# Solved: Mozilla firefox Not Working



## bigstev (Sep 18, 2007)

hey everyone

My mozilla firefox isn't working anymore. When i open it up instead of going to google it displays a blank page or this http://i164.photobucket.com/albums/u31/stevanator54/mozzila.jpg

I have checked my firewall(zonealarm) and it is still letting it through. Can someone please help me

Thanks in advance Bigstev


----------



## Athan (Jun 13, 2007)

can you open google through any other browser ? Like IE or opera ??

~a


----------



## bigstev (Sep 18, 2007)

i can use IE to search the net but mozilla wont open any sites


----------



## Athan (Jun 13, 2007)

In Mozilla Firefox please navigate to :
Tools > Options > Advanced > Network tab

Under the connection option click on settings !!
What is the " Configure Proxies to access the internet" set to ?

~a


----------



## hewee (Oct 26, 2001)

Do you have a firewall and have you given firefox rights to get out.


----------



## bigstev (Sep 18, 2007)

thanks for all your help but i have fixed the problem myself


----------



## hewee (Oct 26, 2001)

Good to hear it is fixed. What did you do to fix it?

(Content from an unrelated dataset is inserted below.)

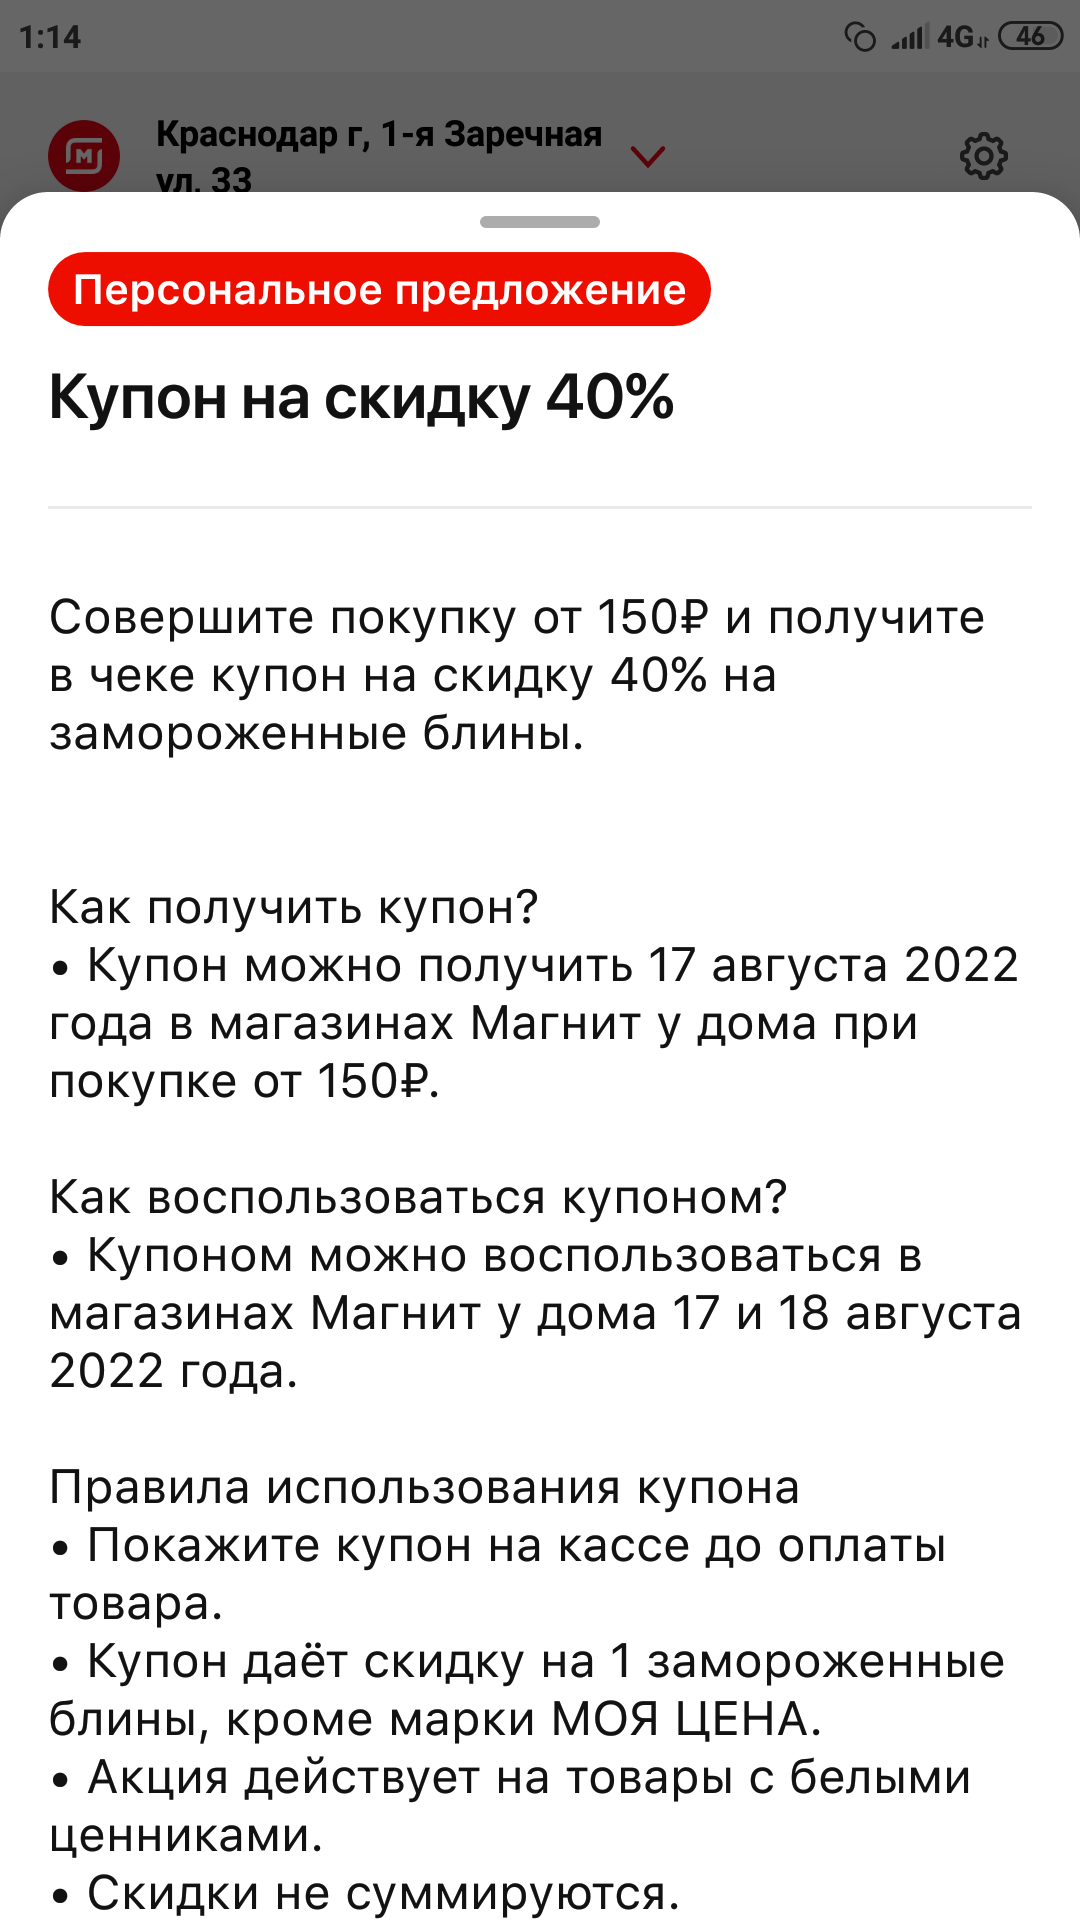 Screenshot_2022-08-17-01-14-43-814_ru.tander.magnit.png

You can click on the thread tools link above and mark the thread solved too.


----------



## loosecontrol (Oct 16, 2007)

Hi bigstev

Brother i am facing the same problem.My firefox isn't opening any page.Please post the solution


----------



## UltimateToronto (Oct 19, 2007)

Tools>Options>Advanced>Connections>Settings

Then select "direct connection to the internet". Hit okay, and you're laughing.


----------



## bigstev (Sep 18, 2007)

thats what i did cant believe i missed it when i first checked it i feel stupid now


----------



## mrrjclarke (Oct 15, 2007)

I have the same problem but I checked against what you guys have done, only to find that mine was already set as yours was.


----------



## aldelvalle (Aug 26, 2008)

I have the same problem checked as everyone suggested but my pages display "Connection Interrupted













The connection to the server was reset while the page was loading.







The network link was interrupted while negotiating a connection. Please try again


----------